»»

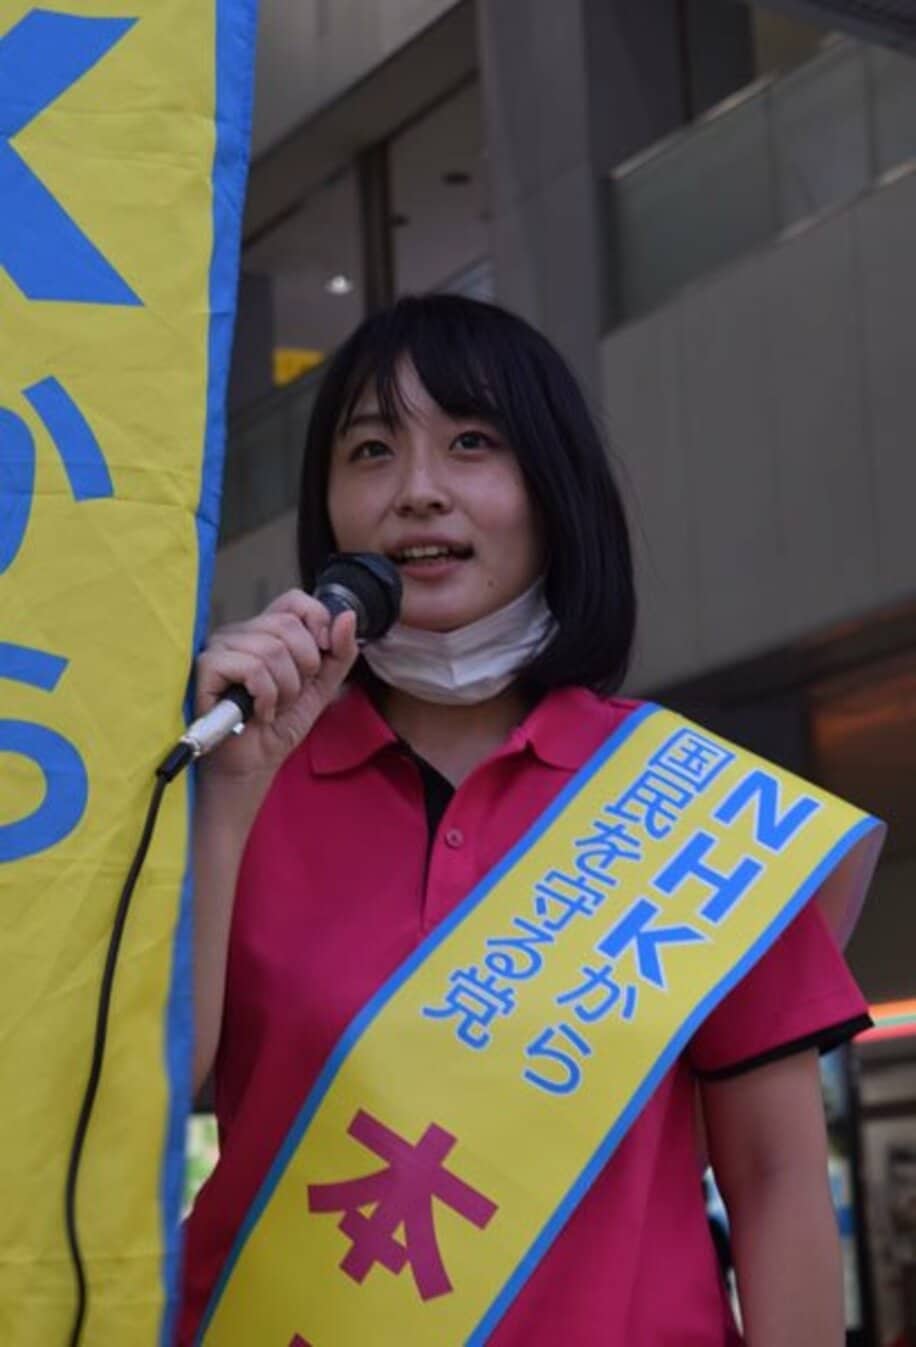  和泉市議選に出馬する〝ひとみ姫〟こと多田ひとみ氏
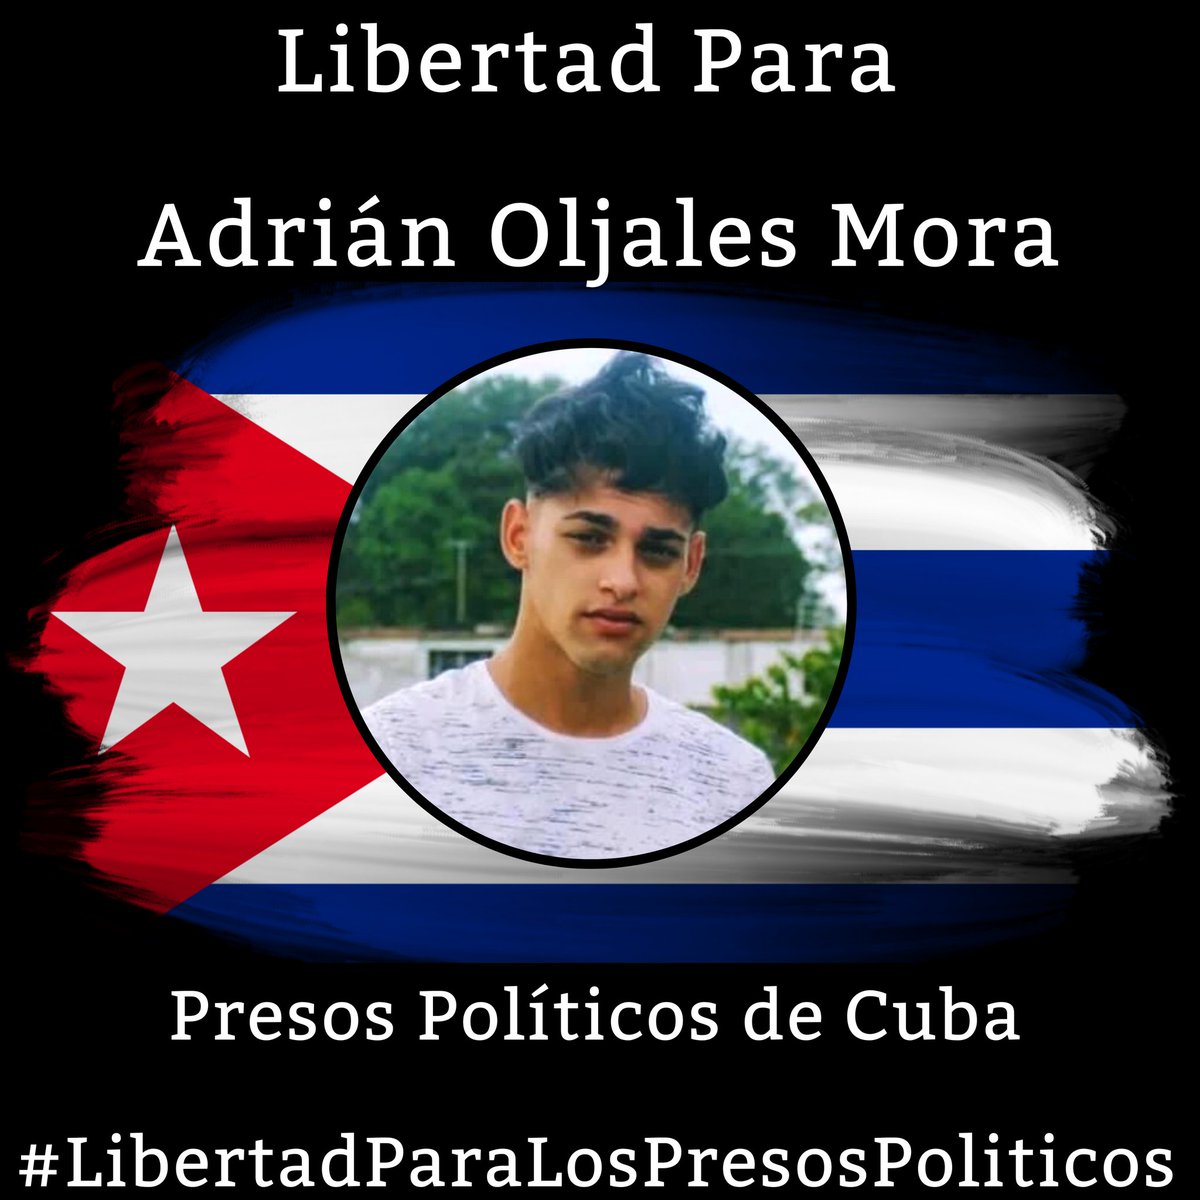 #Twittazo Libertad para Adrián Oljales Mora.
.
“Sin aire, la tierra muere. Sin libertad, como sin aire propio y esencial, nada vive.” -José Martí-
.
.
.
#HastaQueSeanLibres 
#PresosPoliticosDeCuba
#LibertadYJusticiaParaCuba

««

Do not include images; quote all of the entries above exactly.

◆ Response to the exercise:
  和泉市議選に出馬する〝ひとみ姫〟こと多田ひとみ氏
 #Twittazo Libertad para Adrián Oljales Mora.
.
“Sin aire, la tierra muere. Sin libertad, como sin aire propio y esencial, nada vive.” -José Martí-
.
.
.
#HastaQueSeanLibres 
#PresosPoliticosDeCuba
#LibertadYJusticiaParaCuba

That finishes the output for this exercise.